If too long for posting here use susepaste.

The recommended command (journalctl -eb) displays the last 1000 lines of the current boot.

I’d recommend instead the following in a windowed console, and just leave it open on your Desktop which displays your system events in real time.

journalctl -f

I suspect that snapper is not your problem since by default snapper snapshots your system on bootup, shutdown and whenever a package is installed or removed.

The more common cause of a system freezing intermittently is file system indexing.
What Desktop are you running?
I’d recommend disabling whatever file index app your Desktop is using if it’s causing problems. Your file lookups might take a bit longer but should not cause your system to become unresponsive.
The more elegant solution would be to modify the priority of the indexing app… In the old days you’d modify the “nice” value but today might be managed or set by a systemd service or value instead.

Another possibility but shouldn’t happen very often is if your Desktop has an auto update applet.
You can disable that and manually update instead.

TSU

It hasn’t happened today, but here you go:

# journalctl -o short-monotonic -u btrfs*
-- Logs begin at Thu 2020-06-11 17:10:01 EDT, end at Thu 2020-06-11 19:40:03 EDT. --
    9.224805] mycomputer systemd[1]: Started Watch /etc/sysconfig/btrfsmaintenance.
    9.307369] mycomputer systemd[1]: Starting Update cron periods from /etc/sysconfig/btrfsmaintenance...
    9.328079] mycomputer btrfsmaintenance-refresh-cron.sh[1464]: Refresh script btrfs-scrub.sh for uninstall
    9.353114] mycomputer btrfsmaintenance-refresh-cron.sh[1464]: Refresh script btrfs-defrag.sh for uninstall
    9.363776] mycomputer btrfsmaintenance-refresh-cron.sh[1464]: Refresh script btrfs-balance.sh for uninstall
    9.374556] mycomputer btrfsmaintenance-refresh-cron.sh[1464]: Refresh script btrfs-trim.sh for uninstall
    9.380668] mycomputer btrfsmaintenance-refresh-cron.sh[1464]: Refresh timer btrfs-scrub for monthly
   10.561184] mycomputer systemd[1]: Started Scrub btrfs filesystem, verify block checksums.
   10.562227] mycomputer btrfsmaintenance-refresh-cron.sh[1464]: Refresh timer btrfs-defrag for none
   10.564805] mycomputer systemd[1]: Started Balance block groups on a btrfs filesystem.
   11.303647] mycomputer btrfsmaintenance-refresh-cron.sh[1464]: Refresh timer btrfs-balance for weekly
   11.510640] mycomputer btrfsmaintenance-refresh-cron.sh[1464]: Refresh timer btrfs-trim for none
   11.842651] mycomputer systemd[1]: Started Update cron periods from /etc/sysconfig/btrfsmaintenance.

I will start doing that!

KDE Plasma 5.12.8
KDE Frameworks 5.55.0

The only reason why I suspected snapper was that I saw it had run when I hastily checked logs after the last time it failed. I want not managing packages then though.
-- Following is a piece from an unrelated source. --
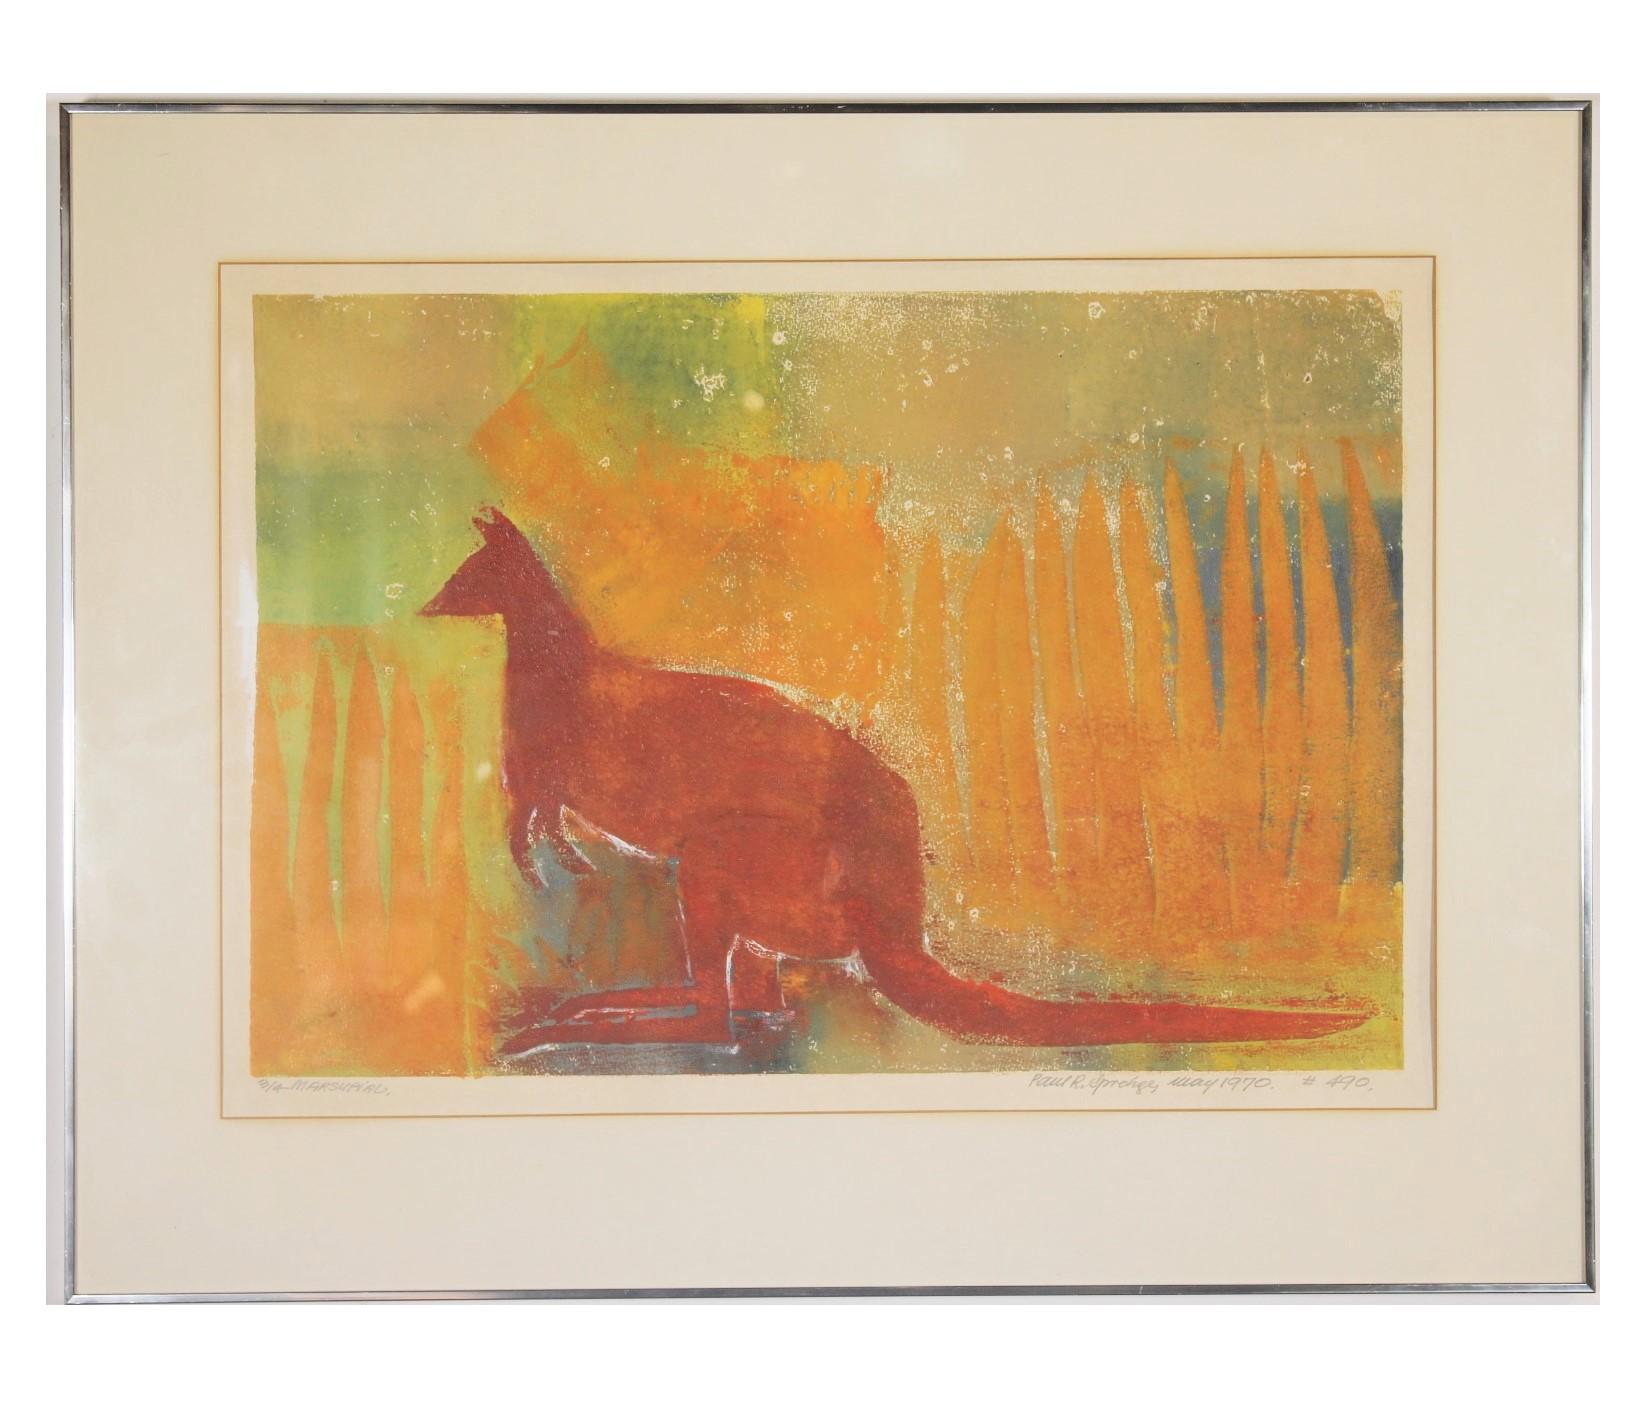 Paul Sprohge Abstract Print - "Marsupial" Abstract Impressionist Lithograph of a Kangaroo Edition 3 of 4

I did not think about that! Baloo usually crashes when I login, and I just have never cared I guess. When I open the file indexer monitor GUI, it says it is not running. I will try to disable it entirely. I ran balooctl disable as my user and root. Hopefully that does the trick.

OK, I just uninstalled plasma5-pk-updates, though I am not sure if that is the issue. It is set NOT to check for updates on battery power, but it froze on battery power once before (had been unplugged for a while).

Fingers-crossed it either won’t happen again (indexer or updator was the issue) or we will see what it was!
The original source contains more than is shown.